- Born: Helen Agaaqtuq May 11, 1931 Near the eastern shore of Henik Lake, Northwest Territories, Canada
- Died: July 25, 2026 (aged 95)
- Known for: Appearing in a 1949 photograph by Richard Harrington

= Helen Konek =

Inuk elder (1931–2026)

Helen Agaaqtuq Konek (May 11, 1931 – July 25, 2026) was an Inuk elder from Arviat, Nunavut. A 1949 photograph of her went viral in 2019.

== Early life ==
Konek was born as Helen Agaaqtuq on May 11, 1931 in a tupiq on the eastern shore of Henik Lake. Helen's father was Piqqanaaq Agaaqtuq and her mother was Paalak Agaaqtuq. She had three brothers: Nanauq, Pukiluk, and Kinaalik. As a child she accompanied her brothers and father on caribou hunting trips, including to Ennadai Lake in the Ahiarmiut's territory.

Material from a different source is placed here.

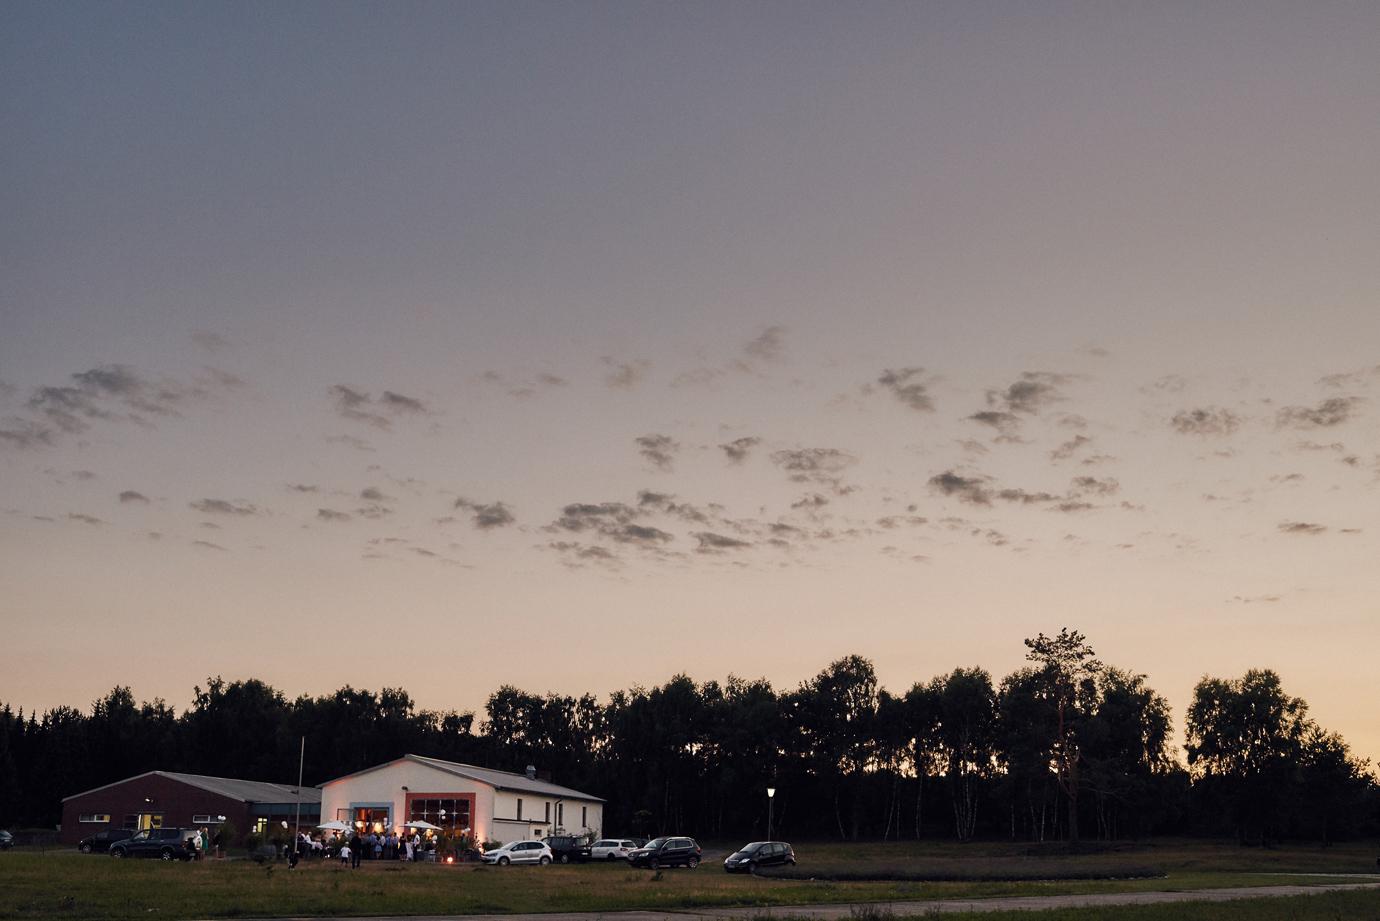 hochzeitsfotograf camp reinsehlen
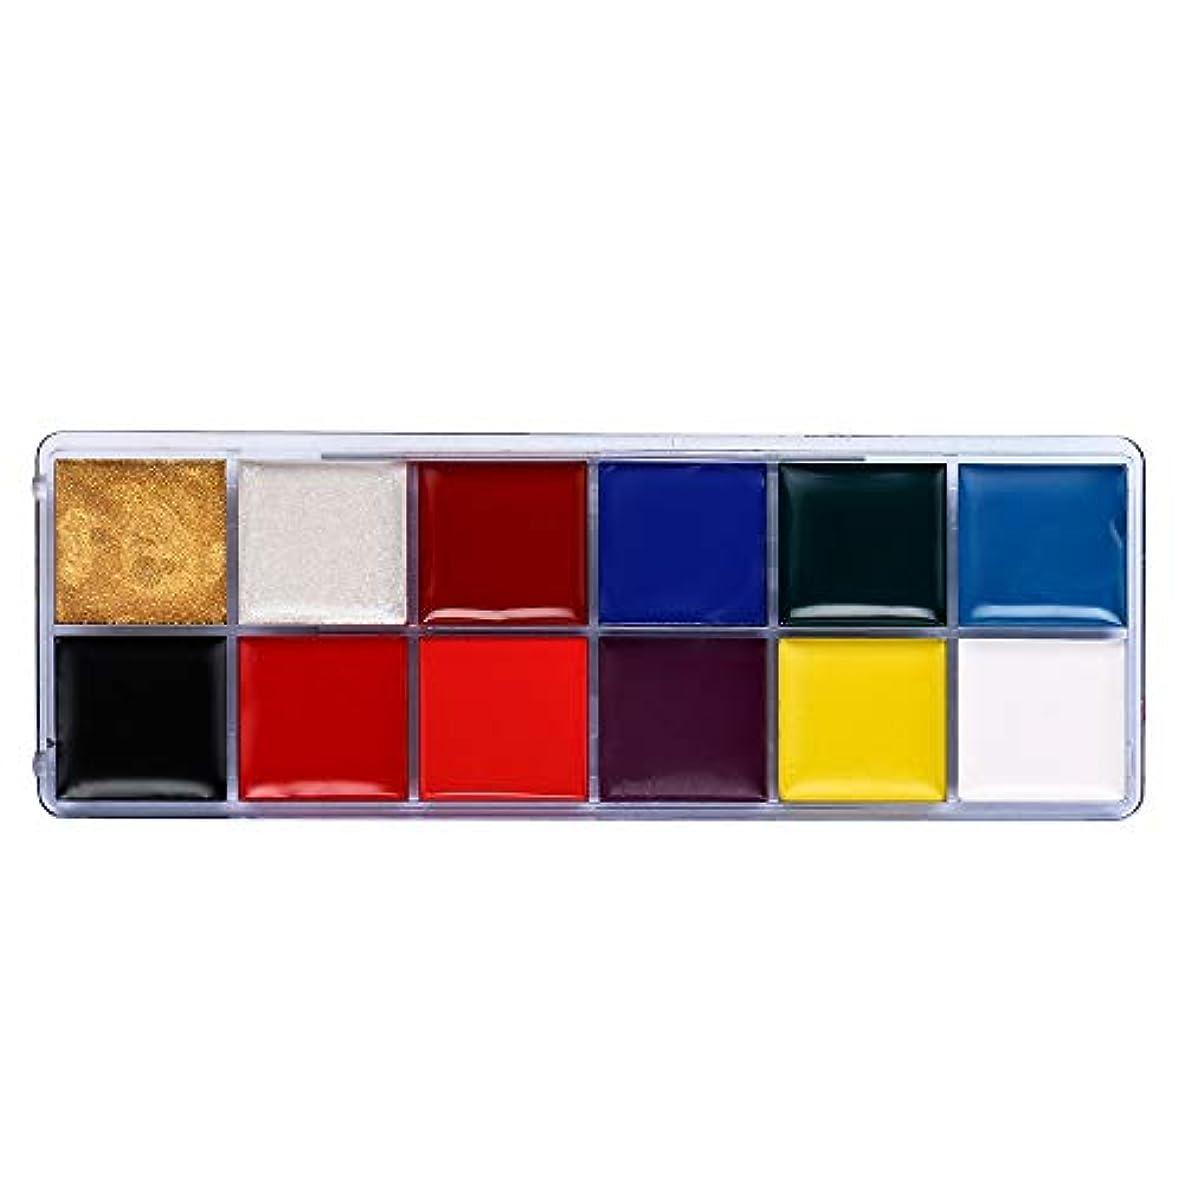 ボウリング見つける腹痛12色ボディ塗装オイルカラードラマピエロハロウィンメイクアップフェイスカラー

She was photographed in 1949, aged 17, by Richard Harrington as part of a series taken while he was travelling around the Arctic. The photograph was taken in ᑭᖓᕐᔪᐊᓕᒃ (English: of big hill).

== Adult life ==
By 1952, the Agaaqtuq family were living close to the Padlei trading post. In 1953, Helen started living as a couple with James Konek, the son of a storekeeper in Arviat. They both lived in Arviat in winter and Barren Lands area in the summer. The 1950 Caribou Inuit famine caused Helen's mother Paalak to die in 1957, the rest of the family survived on fish, rabbit, and ptarmigan. The Royal Canadian Mounted Police forcibly displaced the Konek family in 1960 from Padlei to Arviat.

One of Harrington's photographs of Konek entering her igloo was widely shared online in 2019 after her journalist grandson Jordan Konek tweeted it. Konek was an elder, and lived in Arviat, Nunavut.

On July 25, 2026, Konek died at the age of 95.